**YOUR GOAL:** Find the line with "couple jumping in sunset by tan4ikk1" in the records below. Copy it and every line after it, up to and including the line with "27x Origin Studio".

**DATA FOR THIS TASK:**
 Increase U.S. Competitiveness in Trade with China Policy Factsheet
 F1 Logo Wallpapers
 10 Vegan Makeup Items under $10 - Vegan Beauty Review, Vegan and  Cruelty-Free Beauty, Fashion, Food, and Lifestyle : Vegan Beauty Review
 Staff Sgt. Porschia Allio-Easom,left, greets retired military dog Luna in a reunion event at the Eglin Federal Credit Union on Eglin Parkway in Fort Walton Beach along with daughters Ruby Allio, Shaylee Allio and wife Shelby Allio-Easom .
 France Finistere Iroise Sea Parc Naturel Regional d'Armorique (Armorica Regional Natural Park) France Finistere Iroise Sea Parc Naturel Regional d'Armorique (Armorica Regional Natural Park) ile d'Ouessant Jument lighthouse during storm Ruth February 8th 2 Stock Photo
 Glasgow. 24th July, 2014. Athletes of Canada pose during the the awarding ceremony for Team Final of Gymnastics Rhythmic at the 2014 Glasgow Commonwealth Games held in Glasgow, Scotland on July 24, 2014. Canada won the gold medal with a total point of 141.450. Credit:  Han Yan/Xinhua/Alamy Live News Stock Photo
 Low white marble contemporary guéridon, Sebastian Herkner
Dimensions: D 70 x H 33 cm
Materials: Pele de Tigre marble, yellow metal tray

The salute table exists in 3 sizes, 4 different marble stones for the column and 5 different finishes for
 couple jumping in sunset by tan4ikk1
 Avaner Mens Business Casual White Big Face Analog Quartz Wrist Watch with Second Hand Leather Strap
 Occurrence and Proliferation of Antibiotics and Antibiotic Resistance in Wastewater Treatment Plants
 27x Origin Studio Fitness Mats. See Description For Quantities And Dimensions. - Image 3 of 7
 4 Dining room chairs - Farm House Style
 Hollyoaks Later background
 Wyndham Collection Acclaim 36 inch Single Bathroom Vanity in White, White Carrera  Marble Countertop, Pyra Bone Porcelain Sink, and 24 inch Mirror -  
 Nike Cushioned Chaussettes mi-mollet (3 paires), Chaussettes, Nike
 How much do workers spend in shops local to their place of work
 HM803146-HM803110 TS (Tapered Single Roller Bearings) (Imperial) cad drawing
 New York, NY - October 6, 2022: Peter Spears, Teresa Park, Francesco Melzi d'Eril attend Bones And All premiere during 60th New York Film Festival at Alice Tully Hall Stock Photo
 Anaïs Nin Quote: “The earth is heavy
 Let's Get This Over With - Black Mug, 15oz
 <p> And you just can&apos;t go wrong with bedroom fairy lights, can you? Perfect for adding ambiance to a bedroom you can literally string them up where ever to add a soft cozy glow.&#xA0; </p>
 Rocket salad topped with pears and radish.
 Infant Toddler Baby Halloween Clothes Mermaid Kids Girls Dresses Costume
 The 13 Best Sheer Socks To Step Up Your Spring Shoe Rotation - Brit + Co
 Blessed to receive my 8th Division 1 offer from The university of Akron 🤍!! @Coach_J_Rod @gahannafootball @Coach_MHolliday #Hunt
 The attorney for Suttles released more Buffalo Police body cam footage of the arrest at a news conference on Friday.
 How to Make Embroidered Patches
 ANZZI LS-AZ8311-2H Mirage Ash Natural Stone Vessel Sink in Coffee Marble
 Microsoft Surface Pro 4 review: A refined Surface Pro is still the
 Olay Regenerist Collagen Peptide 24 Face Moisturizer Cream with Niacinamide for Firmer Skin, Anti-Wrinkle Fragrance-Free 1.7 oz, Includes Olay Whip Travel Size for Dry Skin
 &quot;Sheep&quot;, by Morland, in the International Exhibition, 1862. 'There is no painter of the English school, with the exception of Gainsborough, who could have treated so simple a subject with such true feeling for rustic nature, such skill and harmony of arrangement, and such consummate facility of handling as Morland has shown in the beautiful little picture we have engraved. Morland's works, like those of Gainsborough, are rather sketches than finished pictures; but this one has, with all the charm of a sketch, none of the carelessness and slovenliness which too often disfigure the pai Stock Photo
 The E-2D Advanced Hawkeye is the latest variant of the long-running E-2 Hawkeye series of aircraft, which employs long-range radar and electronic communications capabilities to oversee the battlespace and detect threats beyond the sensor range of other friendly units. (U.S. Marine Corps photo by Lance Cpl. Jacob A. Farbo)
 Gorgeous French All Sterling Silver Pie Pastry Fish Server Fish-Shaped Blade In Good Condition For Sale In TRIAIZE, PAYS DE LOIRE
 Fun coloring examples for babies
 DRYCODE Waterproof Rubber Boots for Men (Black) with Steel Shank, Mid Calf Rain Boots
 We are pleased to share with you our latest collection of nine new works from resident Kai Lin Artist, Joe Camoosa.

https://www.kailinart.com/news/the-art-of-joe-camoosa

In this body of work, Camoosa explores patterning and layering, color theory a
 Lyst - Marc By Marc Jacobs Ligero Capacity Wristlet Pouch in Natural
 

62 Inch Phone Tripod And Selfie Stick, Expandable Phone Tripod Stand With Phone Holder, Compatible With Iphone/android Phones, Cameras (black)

**EXERCISE ANSWER:**
 couple jumping in sunset by tan4ikk1
 Avaner Mens Business Casual White Big Face Analog Quartz Wrist Watch with Second Hand Leather Strap
 Occurrence and Proliferation of Antibiotics and Antibiotic Resistance in Wastewater Treatment Plants
 27x Origin Studio Fitness Mats. See Description For Quantities And Dimensions. - Image 3 of 7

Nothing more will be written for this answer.